Künftig will die Wohnungsgesellschaft zudem bereits im Planungsstadium ihrer Neubauten die Sonnenkraftwerke auf dem Dach mitdenken. Beispielsweise soll die Statik entsprechend ausgelegt und Leerrohre vorgesehen werden.

Die städtische Wohnungsgesellschaft bewirtschaftet derzeit rund 1000 Gebäude mit gut 200.000 m2 Dachfläche. Die Fläche entspricht 28 Fußballfeldern. Bei jedem Dach prüfen die Stadtwerke nun einzeln, ob es sich für die Installation einer Anlage eignet.

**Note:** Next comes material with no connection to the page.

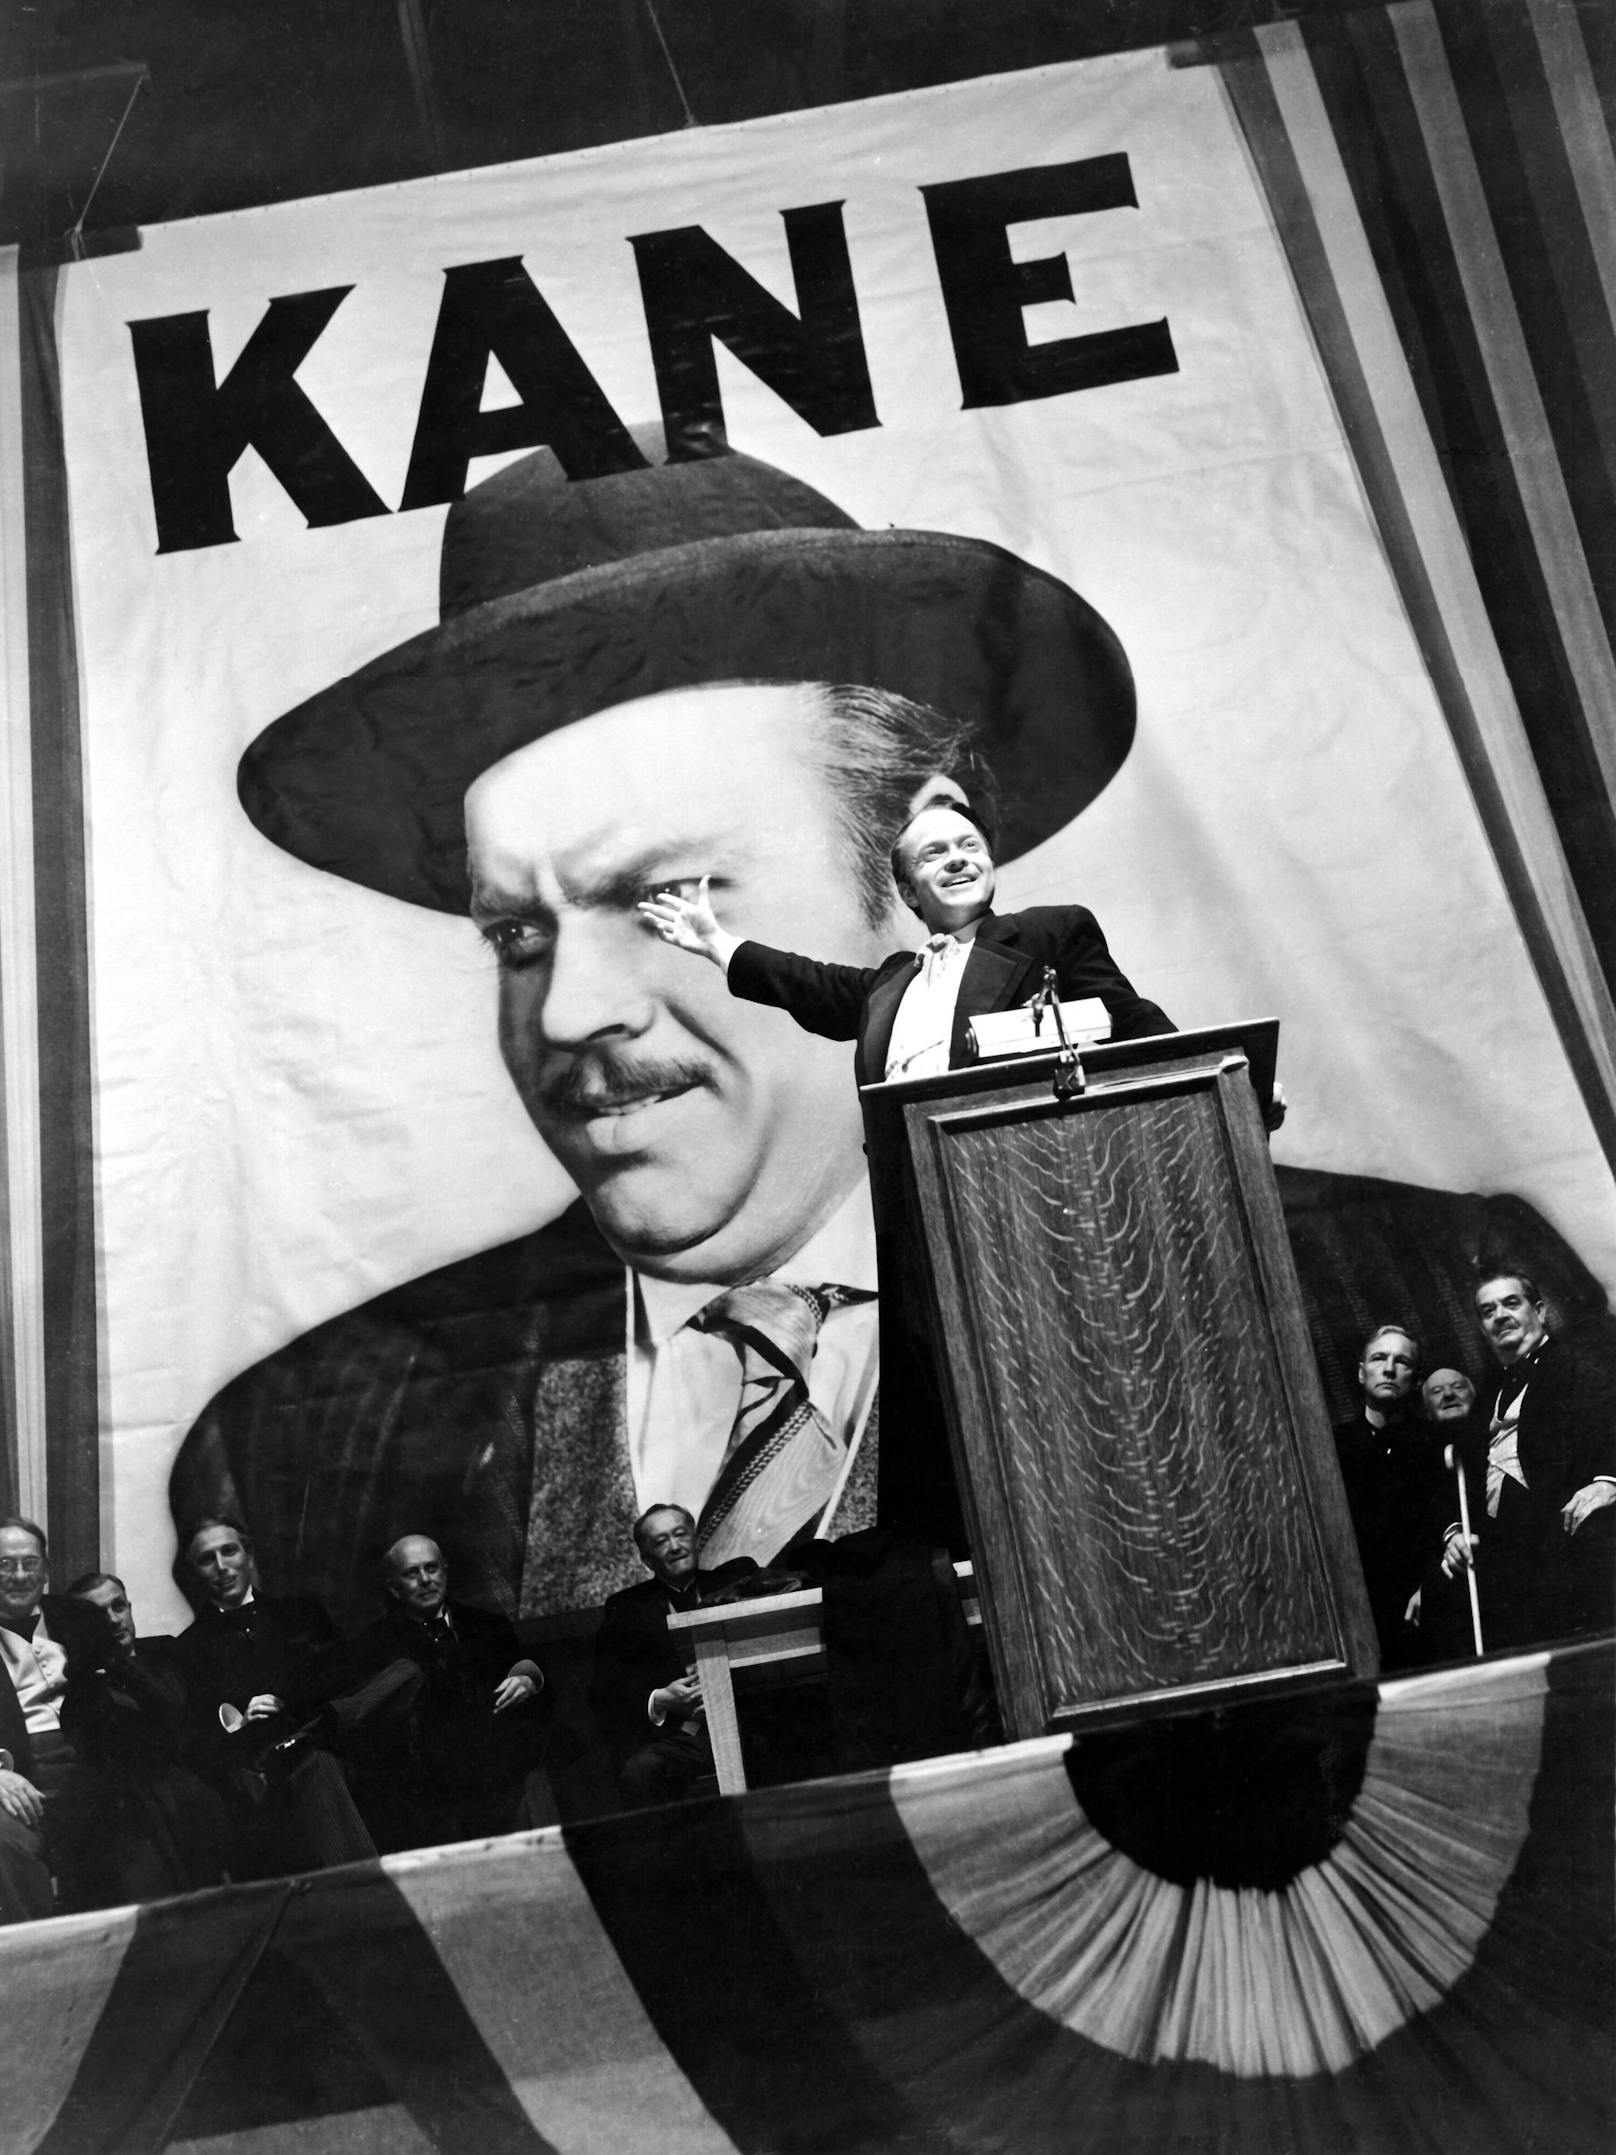 <strong>PLATZ 3: CITIZEN KANE</strong><br>(USA 1941, Regie: Orson Welles)<br><br>Die Top 3 eröffnet das Meisterwerk von Regie-Ass Orson Welles, der in seinem wohl berühmtesten Film auch selbst die Hauptrolle übernahm. "Citizen Kane" erzählt die Geschichte des Medienmoguls Kane (Orson Welles), der vor seinem Tod in Einsamkeit noch das rätselhafte Wort "Rosebud" äußert. Ein Journalist möchte hinter die Bedeutung des Wortes kommen und deckt dabei das faszinierende Leben des Millionärs auf.

Erstes Projekt versorgt 45 Haushalte

Den gewonnenen Strom wollen die Stadtwerke einspeisen und damit kontinuierlich den Anteil des Ökostroms im münsterschen Stromnetz steigern. Bis 2030 sollen die Haushalte in Münster mit selbst produziertem, erneuerbarem Strom versorgt werden.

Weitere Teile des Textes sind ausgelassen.